Stigmatisation des femmes stériles en Afrique : entre traditions, représentations et droits humains
La maternité occupe une place centrale dans les sociétés africaines, où elle constitue un marqueur de statut social, de respectabilité et de stabilité conjugale. La naissance d’un enfant n’est pas seulement perçue comme une continuité biologique mais aussi comme un symbole de prospérité et de légitimité familiale (Hörbst, 2012).
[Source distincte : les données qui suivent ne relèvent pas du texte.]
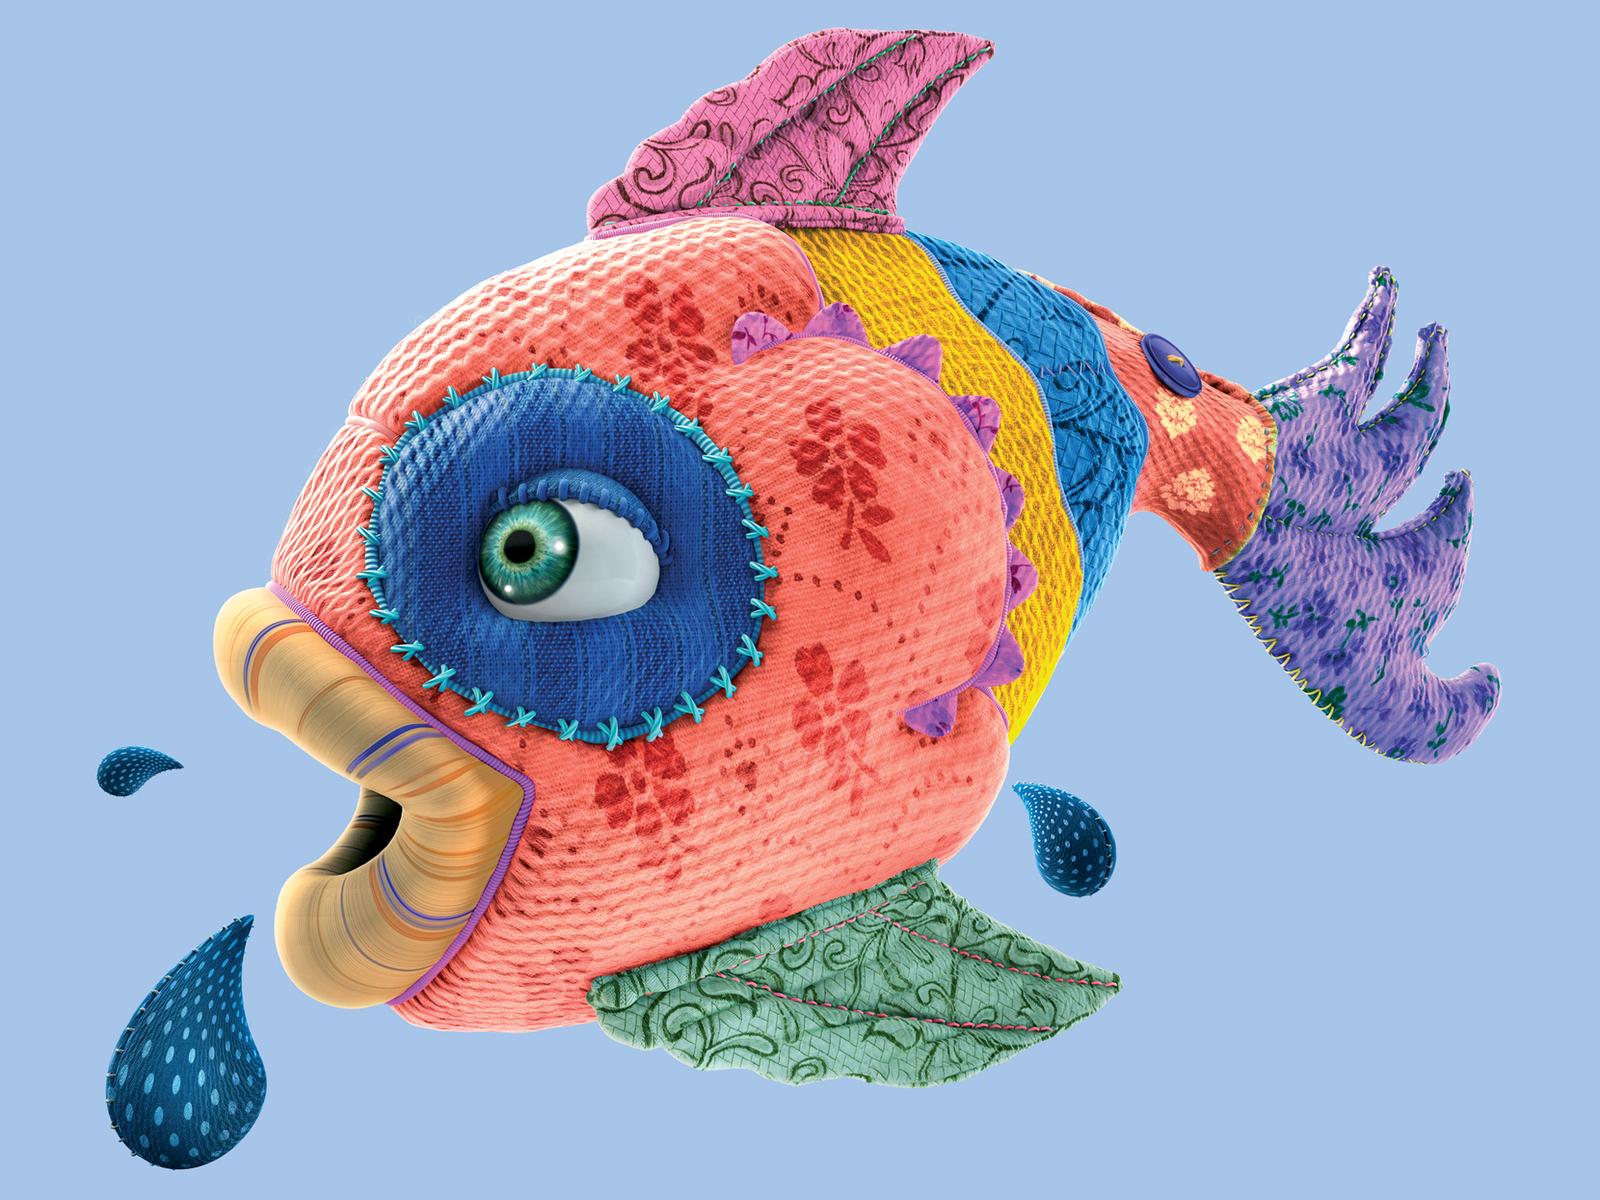 3d fish from fabrics hd wallpaper | download hd wallpapers

Au Bénin, cette perception est particulièrement marquée : la maternité est une norme sociale quasi incontournable, et la femme est souvent définie par sa capacité à procréer. Dans ce contexte, l’absence d’enfant est perçue comme une anomalie qui compromet l’intégration de la femme dans son foyer et dans sa communauté. Selon l’OMS (2020), l’infertilité touche environ 48 millions de couples dans le monde, et sa prévalence est particulièrement élevée en Afrique subsaharienne. Toutefois, si la stérilité peut concerner aussi bien l’homme que la femme, la responsabilité est presque systématiquement attribuée à cette dernière (Inhorn & Patrizio, 2015).
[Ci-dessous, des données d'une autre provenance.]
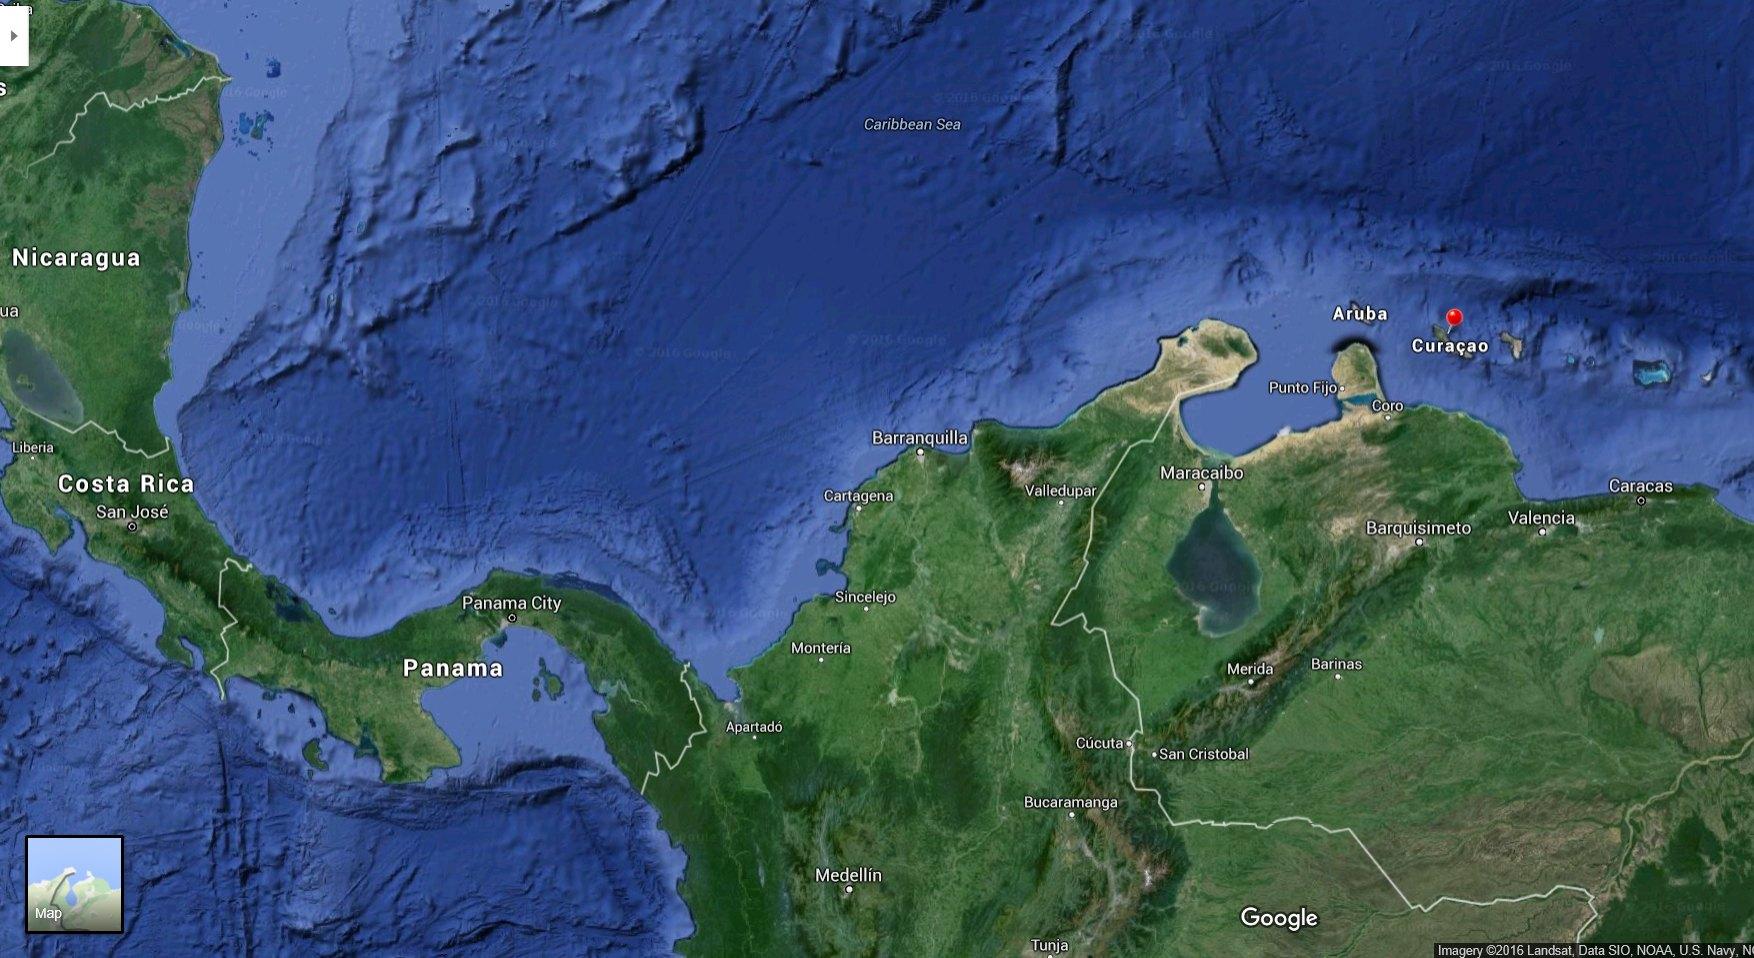 Where is Curacao?

La stérilité féminine ne se réduit pas à un problème médical, elle prend une dimension culturelle et sociale lourde de conséquences. Dans plusieurs communautés béninoises, elle est interprétée à travers des croyances mystiques ou religieuses, alimentant l’idée que la femme stérile est victime de malédiction, de sorcellerie ou de transgression sociale. Ces représentations conduisent à des formes variées de stigmatisation : rejet conjugal (menace de divorce, polygamie imposée), marginalisation sociale (exclusion des cérémonies et rituels), perte de statut économique (privation d’héritage, dépendance accrue). Comme le souligne Douvi (2022), « la stérilité féminine est un stigmate social qui marginalise la femme dans son foyer et dans sa communauté ». Cette stigmatisation peut avoir des répercussions psychologiques sévères, allant de la honte et du repli social à la dépression et à l’anxiété. Elle constitue dès lors une forme de violence basée sur le genre, en contradiction avec les principes fondamentaux des droits humains, tels que le droit à la dignité, à l’égalité et à la non-discrimination.
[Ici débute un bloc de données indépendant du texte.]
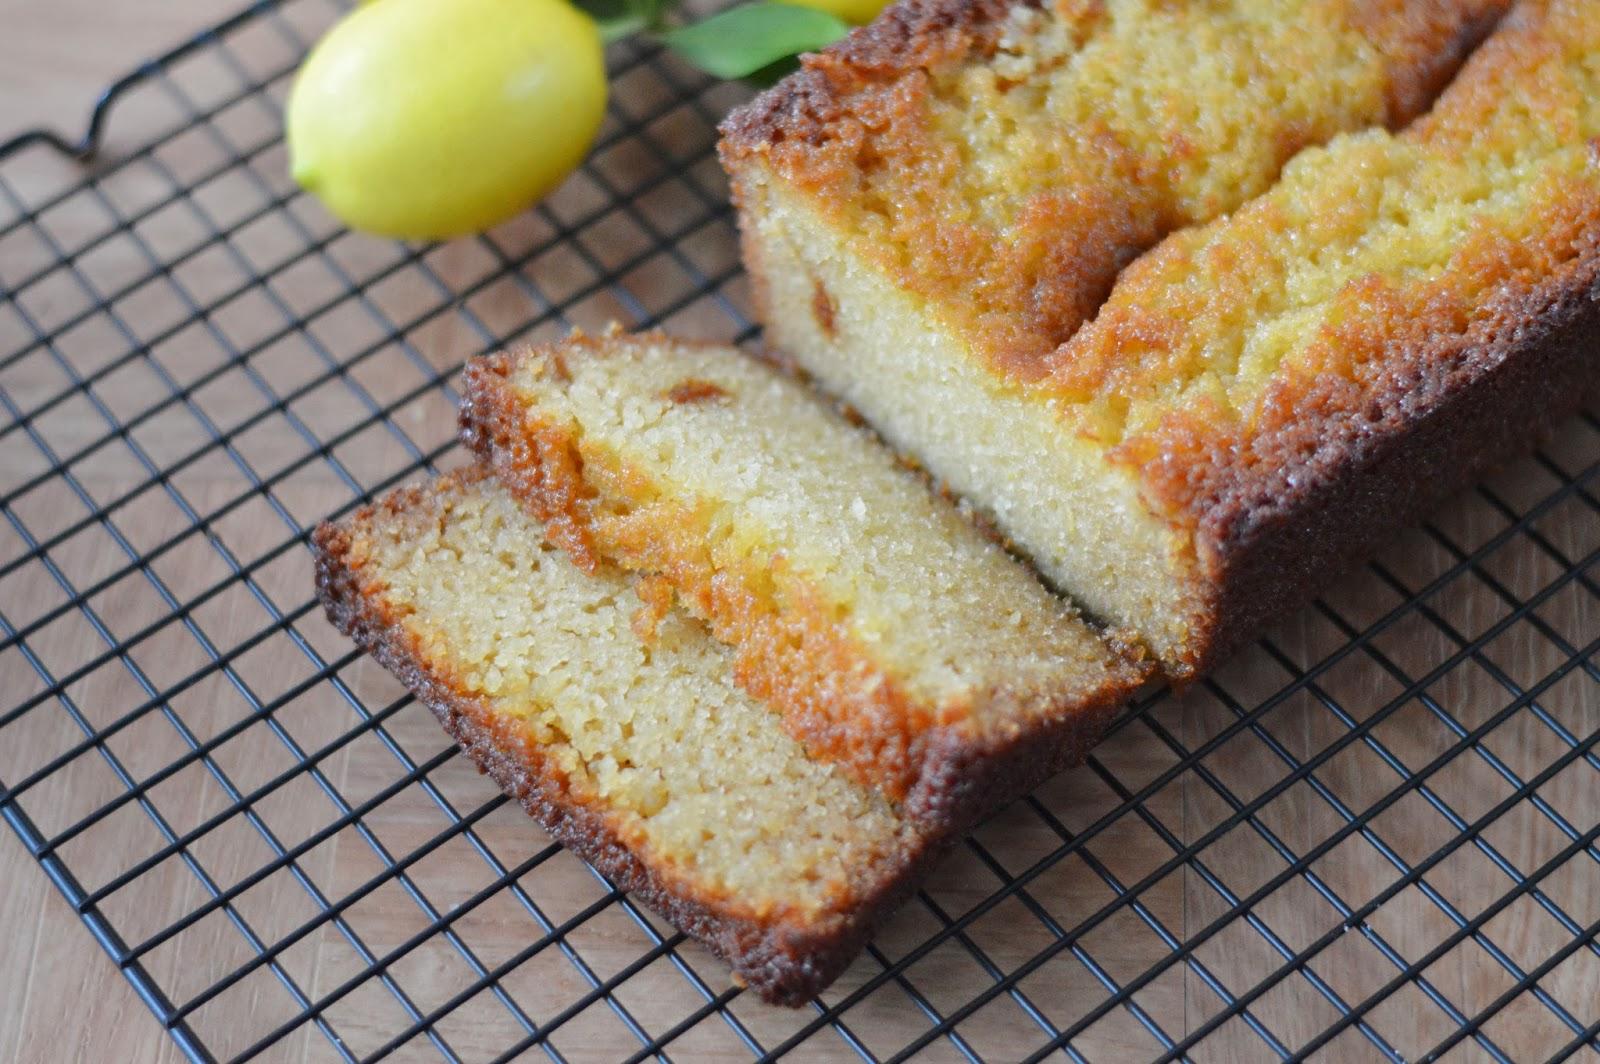 The Art of Comfort Baking: Lemon Ricotta Pound Cake

La contradiction est d’autant plus marquée que le Bénin a ratifié plusieurs instruments juridiques régionaux et internationaux, dont le Protocole de Maputo (2003), qui garantit aux femmes le droit à la santé reproductive et à la non-discrimination. Toutefois, la persistance des normes sociales et culturelles tend à limiter l’application effective de ces droits. Cela pose un dilemme : comment concilier le respect des traditions et croyances locales avec la nécessité de protéger les femmes contre les atteintes à leur dignité et à leurs droits fondamentaux ? Cette interrogation constitue le cœur de la problématique de cette recherche. Dans cette perspective, la présente étude poursuit plusieurs objectifs : analyser les représentations sociales et traditionnelles liées à la stérilité féminine au Bénin ; identifier les mécanismes de stigmatisation et leurs impacts sur la vie sociale, conjugale et psychologique des femmes, examiner les contradictions entre pratiques traditionnelles et instruments de protection des droits humains et enfin proposer des pistes d’action susceptibles de réduire la stigmatisation et de promouvoir la dignité ainsi que l’égalité des femmes stériles.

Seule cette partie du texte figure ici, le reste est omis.